Work item
Could you return all of the records exactly, minus their images?

(Data entries)

* * *

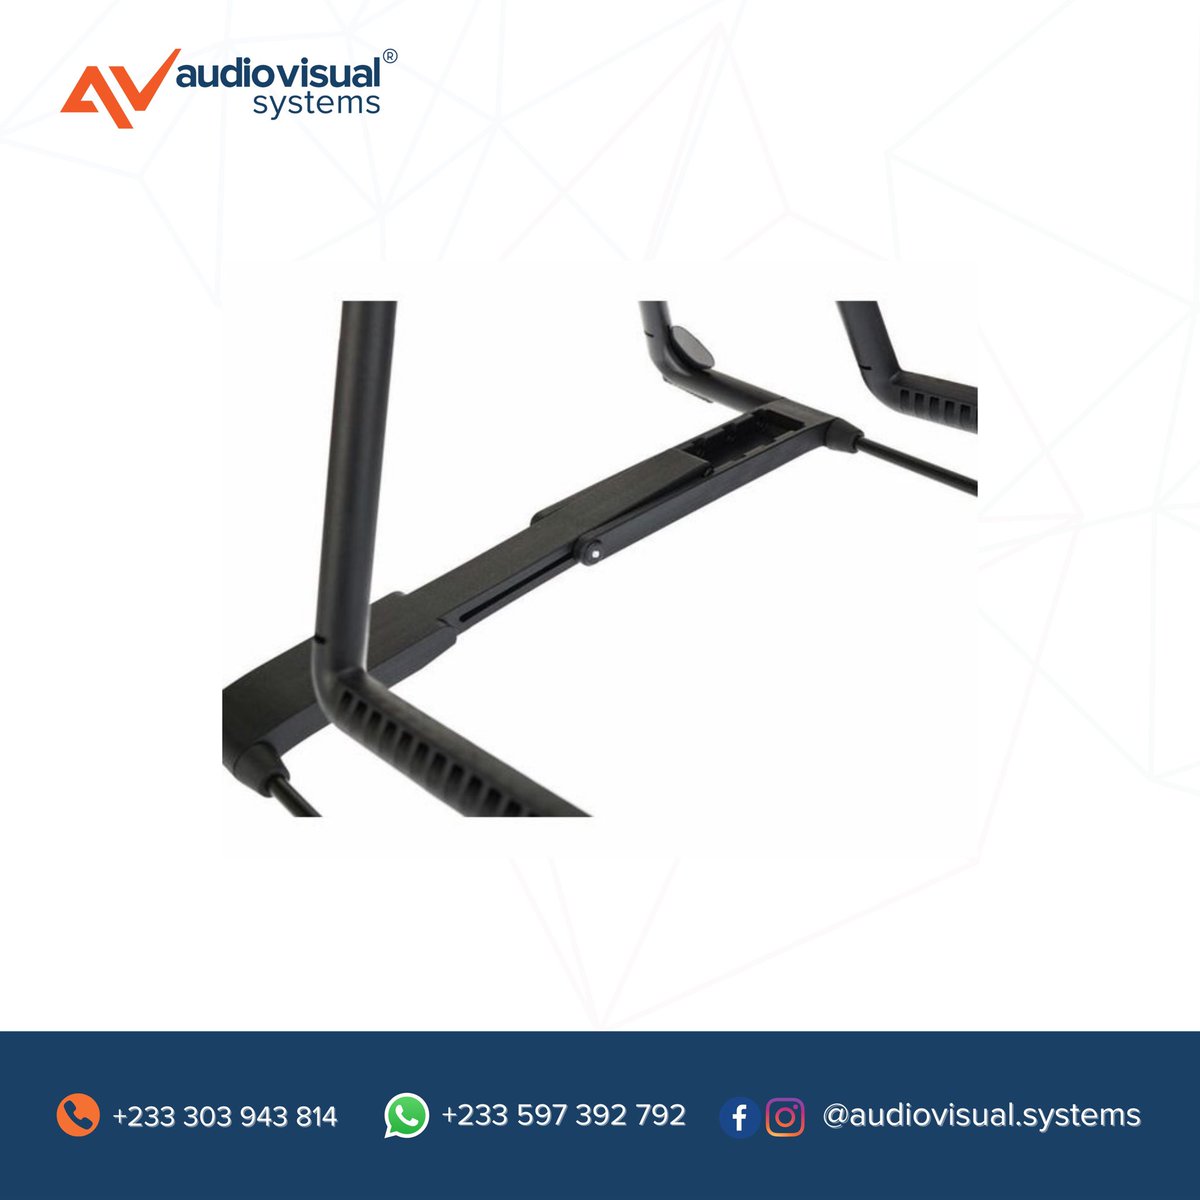 Happy Weekend Guys! Can’t believe it’s Friday already but we’re here for it and not complaining.

Contact us today for your KÖNIG & MEYER 17581 Heli 2 Electric Guitar Stand (Black). 
.
.
.
#audiovisualsystems #königandmeyer #guitar #guitarists #guitarstands #guitarstand

* * *

Expected answer
 Happy Weekend Guys! Can’t believe it’s Friday already but we’re here for it and not complaining.

Contact us today for your KÖNIG & MEYER 17581 Heli 2 Electric Guitar Stand (Black). 
.
.
.
#audiovisualsystems #königandmeyer #guitar #guitarists #guitarstands #guitarstand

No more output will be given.